De esta fe personal, y de esta experiencia personal, surge necesariamente un testimonio personal. Hay una palabra que se tiene que decir a favor de Dios. Hay en el corazón y en la boca un río que busca fluir en alabanzas al Dios bendito, y que necesariamente fluye. Este testimonio tiene ahora el valor de lo visto, lo oído y aun de lo palpado.

Al igual que Juan, podemos decir: “Lo que era desde el principio, lo que hemos oído, lo que hemos visto con nuestros ojos, lo que hemos contemplado, y palparon nuestras manos tocante al Verbo de vida … lo que hemos visto y oído, eso os anunciamos …” (1ª Juan 1:1,3).

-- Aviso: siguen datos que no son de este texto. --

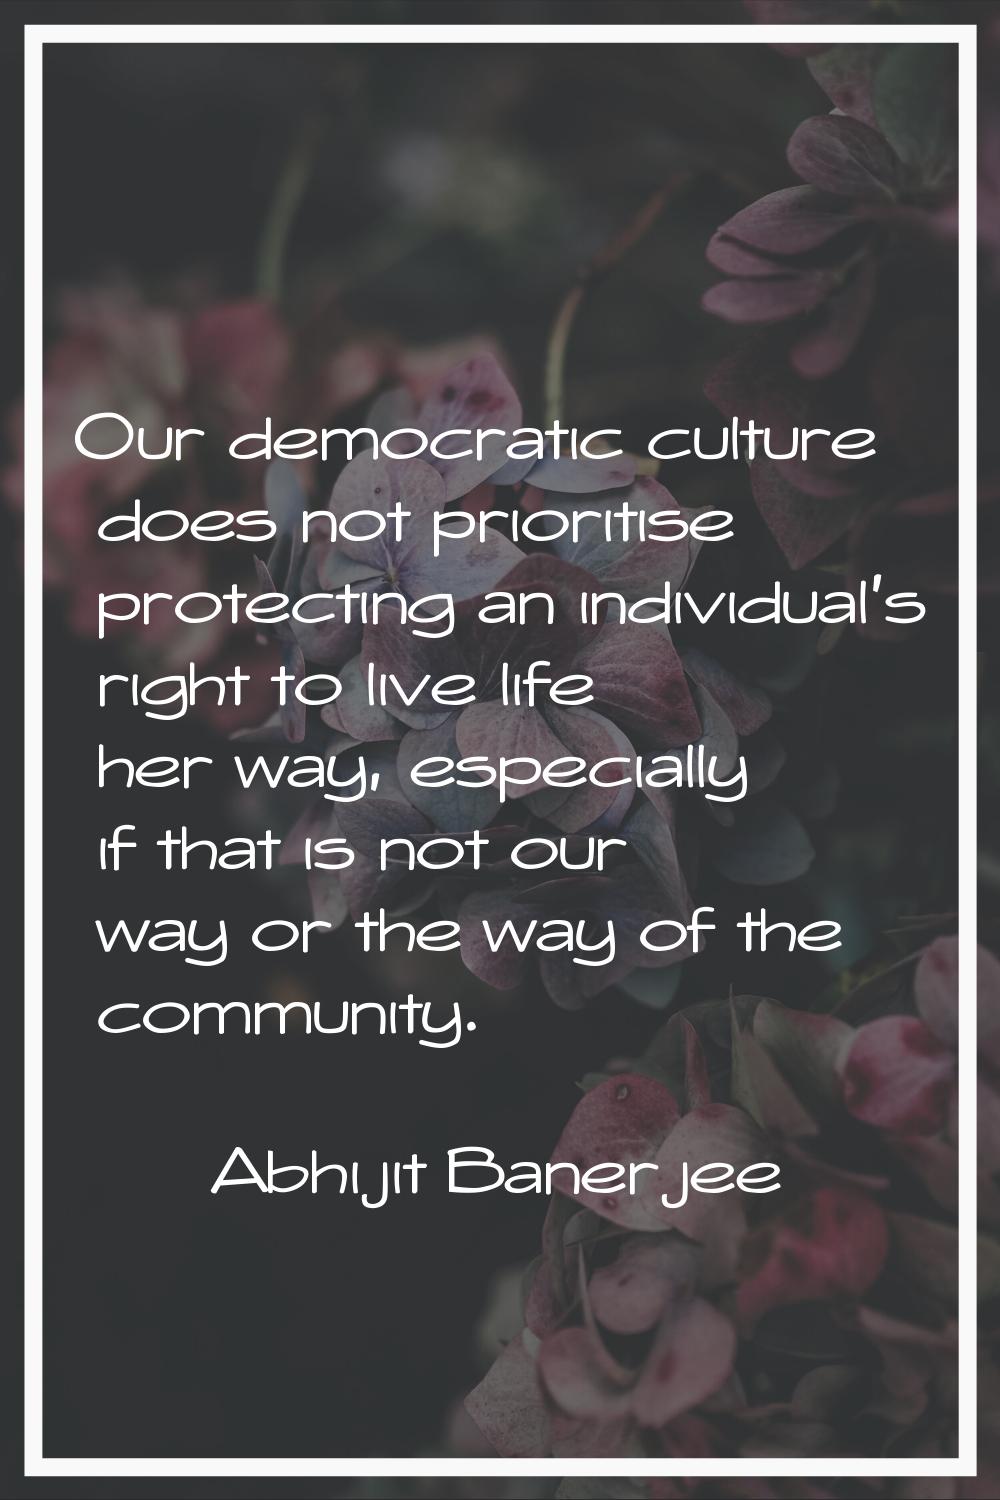 Our democratic culture does not prioritise protecting an individual's right to live life her way, e

Lo mismo que Pedro podemos también decir: “Porque no os hemos dado a conocer el poder y la venida de nuestro Señor Jesucristo siguiendo fábulas artificiosas, sino como habiendo visto con nuestros propios ojos su majestad. Pues cuando él recibió de Dios Padre honra y gloria, le fue enviada desde la magnífica gloria una voz que decía: Este es mi hijo amado, en el cual tengo complacencia. Y nosotros oímos esta voz enviada del cielo, cuando estábamos con él en el monte santo.” (2ª Pedro 1:16-18).

Alguien puede aducir, tal vez, que el testimonio de Juan y de Pedro procedían de experiencias concretas, pero ¿acaso no es más firme aún el testimonio del Espíritu Santo en nuestro espíritu?

¿No es el Espíritu el que da testimonio a nuestro espíritu de que somos hijos de Dios? ¡Es más seguro el testimonio del Espíritu, sin duda!. Pablo mismo lo atestigua diciendo: “Aun si a Cristo conocimos según la carne, ya no lo conocemos así.” (2ª Corintios 5:16). Por eso, ¡qué firmes e incuestionables son las palabras que proceden de la experiencia espiritual de un hombre de Dios! ¡Qué firme es el testimonio de un hombre que ha visto y oído al Señor! Esto es lo que hace estable la fe, real la experiencia y firme su testimonio.

HOMBRE DE DIOS – DE DIOS Y PARA DIOS

Consecuentemente con lo anterior, el hombre de Dios sabe que le pertenece a Dios y que existe para la gloria de Dios. Hay muchas cosas que hace, no porque le gusten a sí mismo, sino porque a Dios le agradan.

Así también hay muchas cosas que nunca hará, porque sabe que a Dios no le agradan, y él quiere agradar a Dios. Esto desemboca en una necesaria consagración, en una comunión íntima, en un presentarse a Dios como sacrificio vivo cada día.

El no sólo viene al Señor para ungirle los pies –cual María– sino también, al igual que ella en otro momento, para quedarse sentado a sus pies, en la más maravillosa contemplación de su gloriosa Persona, admirándole, y oyendo de su boca las palabras de verdad.